Information supplied Start Marker
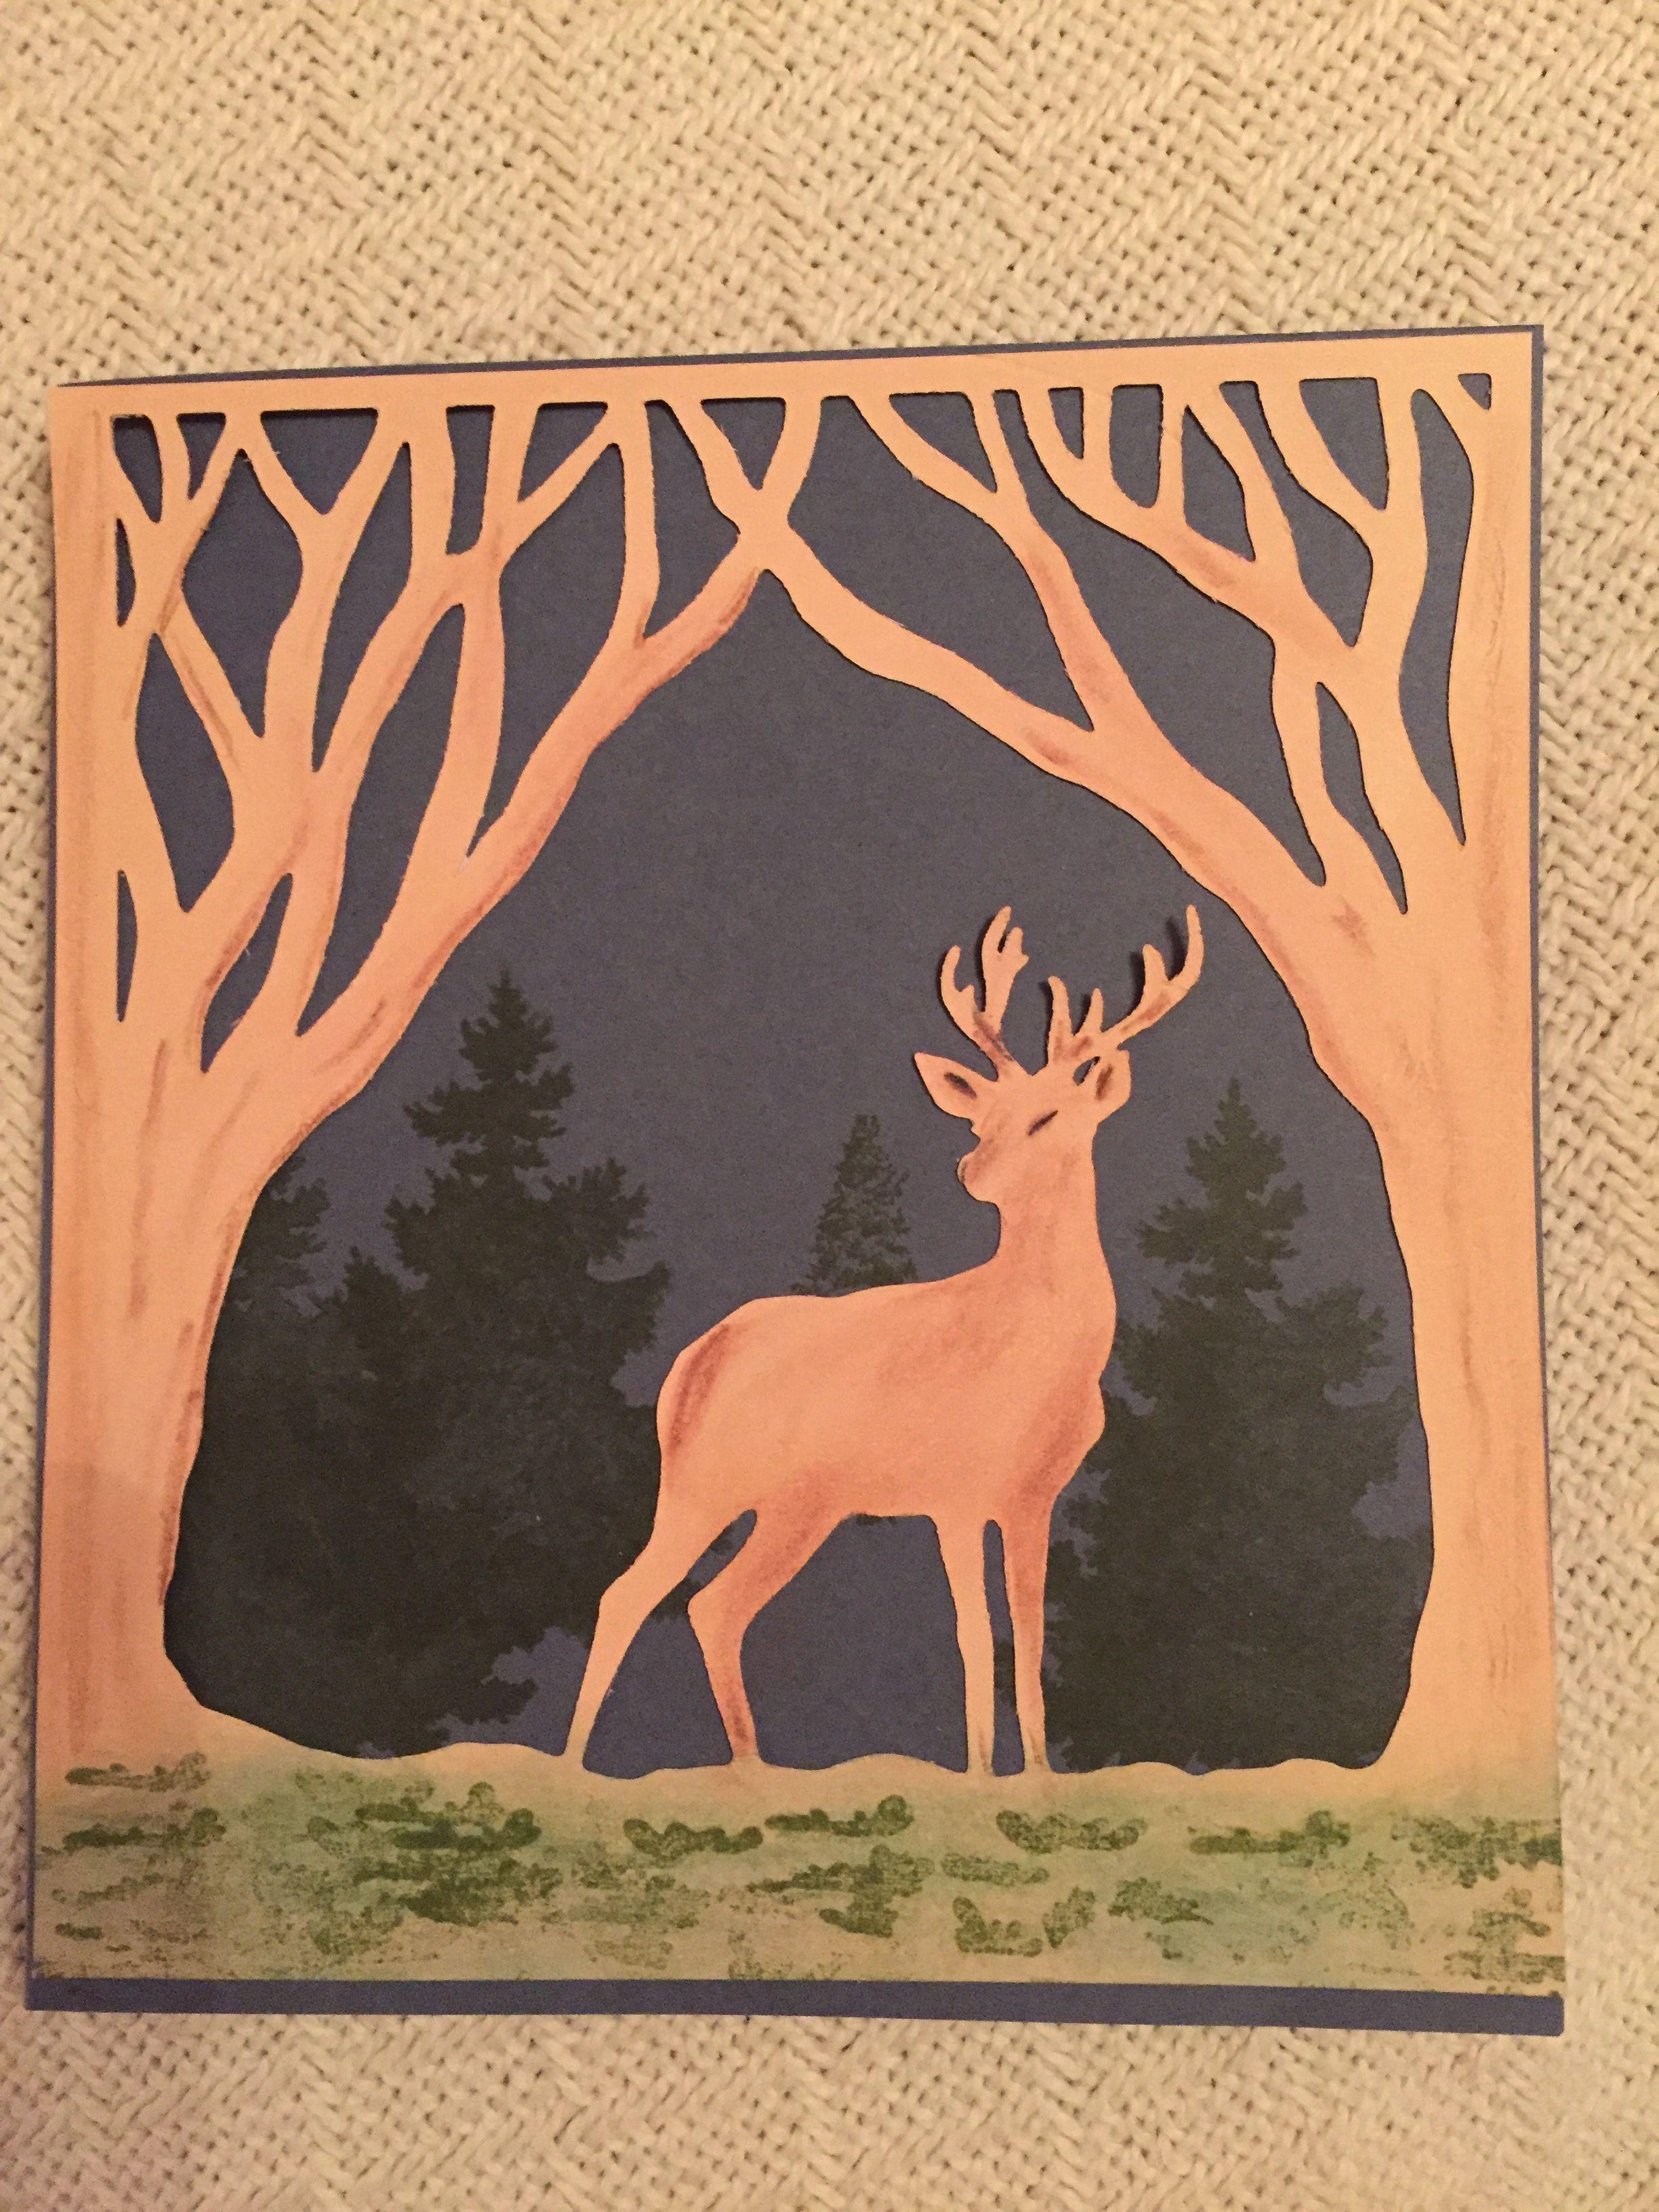 Pin by Debbie Jasany on Cards I like Deer, Art, Moose art
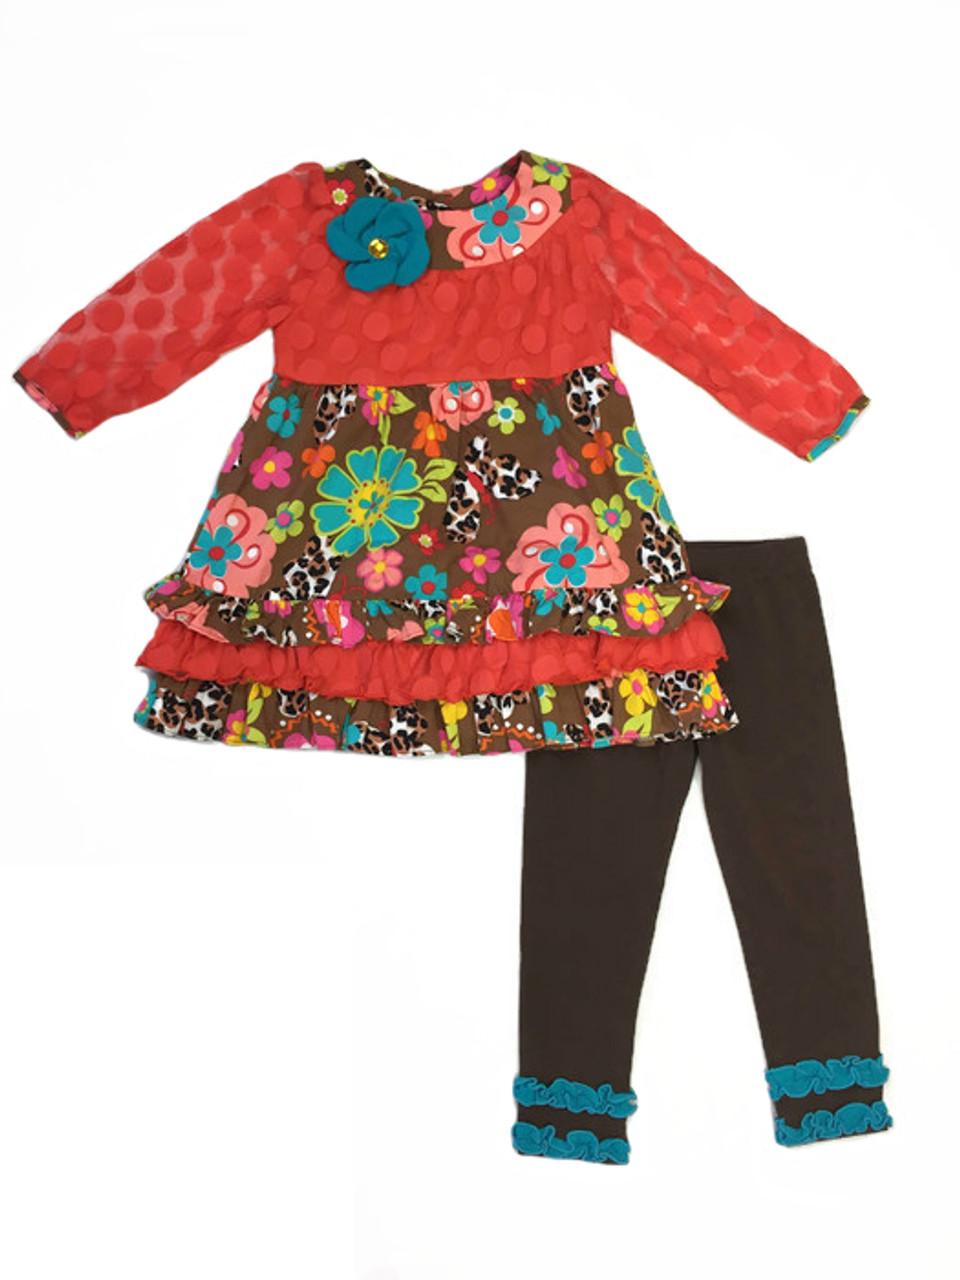 e90a99ed4fc18 Rare Editions Girls Matching Set | Berri Kids Resale Boutique
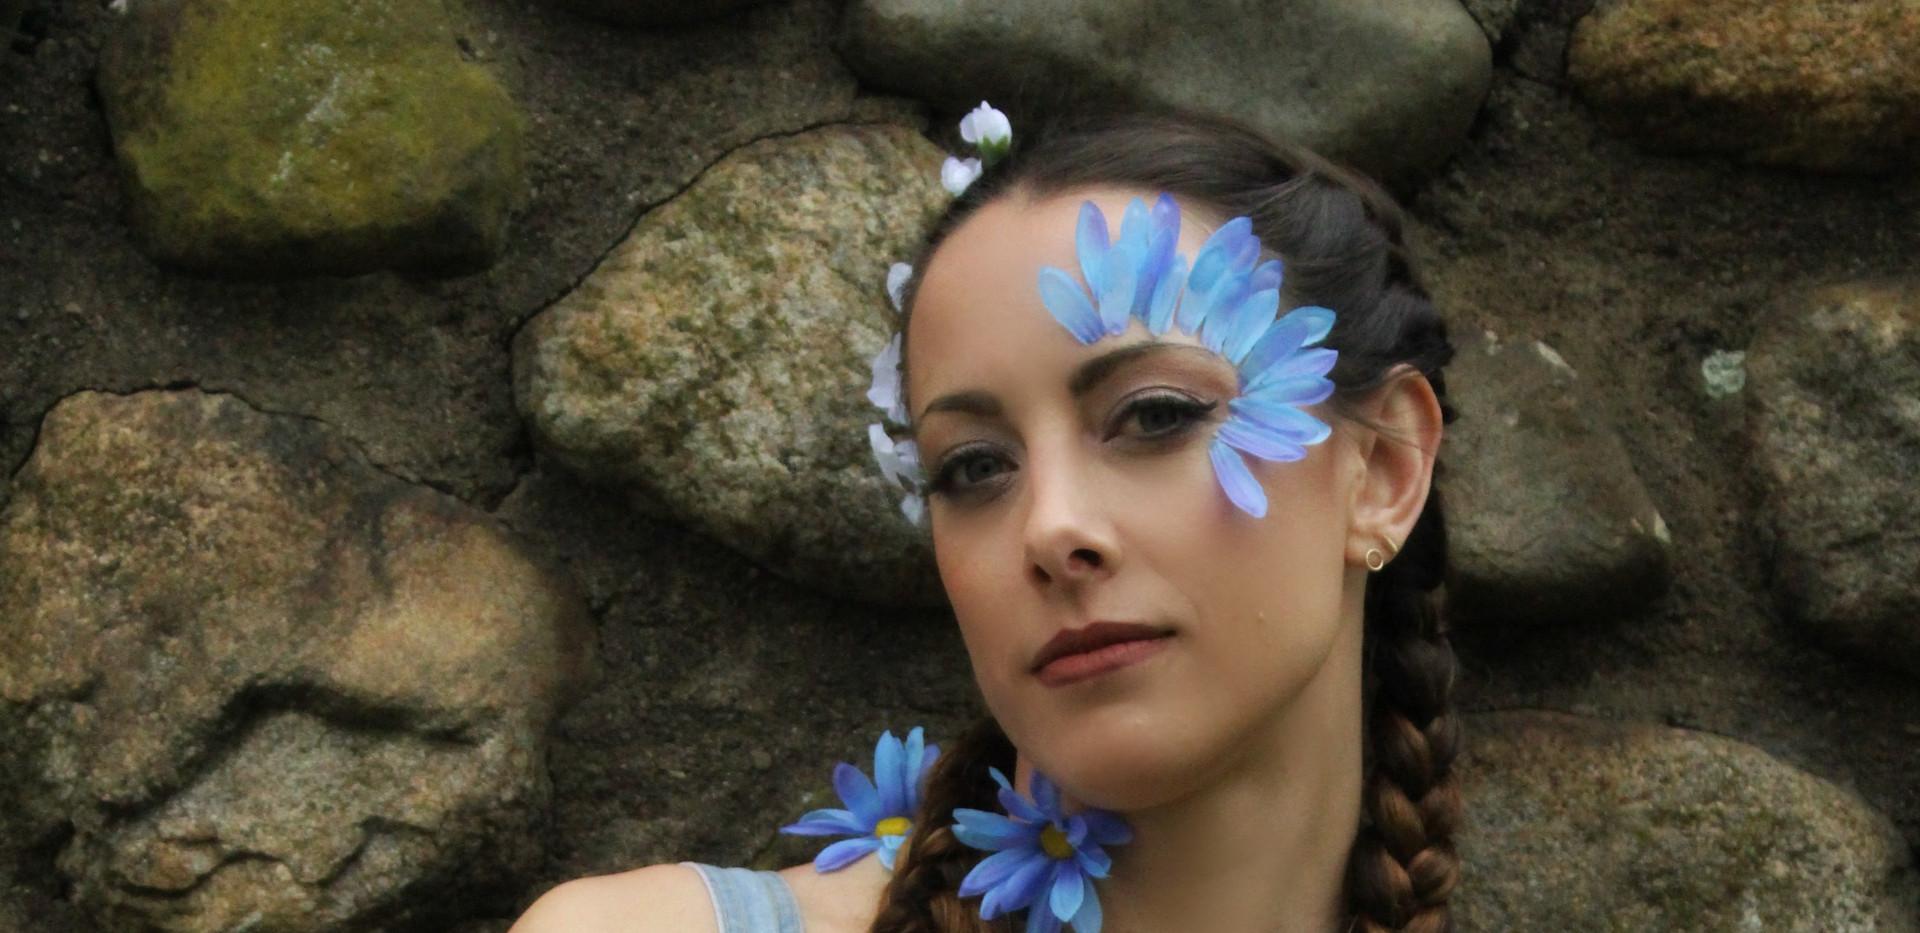 @daniellekwoka for May's Floral Collab Photo: @mariannebphotography Makeup: @lipstickandmagictricks
Information supplied End Marker
Down to the last line, set down the data above exactly, and omit all images.

**Result of this exercise**:
 Pin by Debbie Jasany on Cards I like Deer, Art, Moose art
 e90a99ed4fc18 Rare Editions Girls Matching Set | Berri Kids Resale Boutique
 @daniellekwoka for May's Floral Collab Photo: @mariannebphotography Makeup: @lipstickandmagictricks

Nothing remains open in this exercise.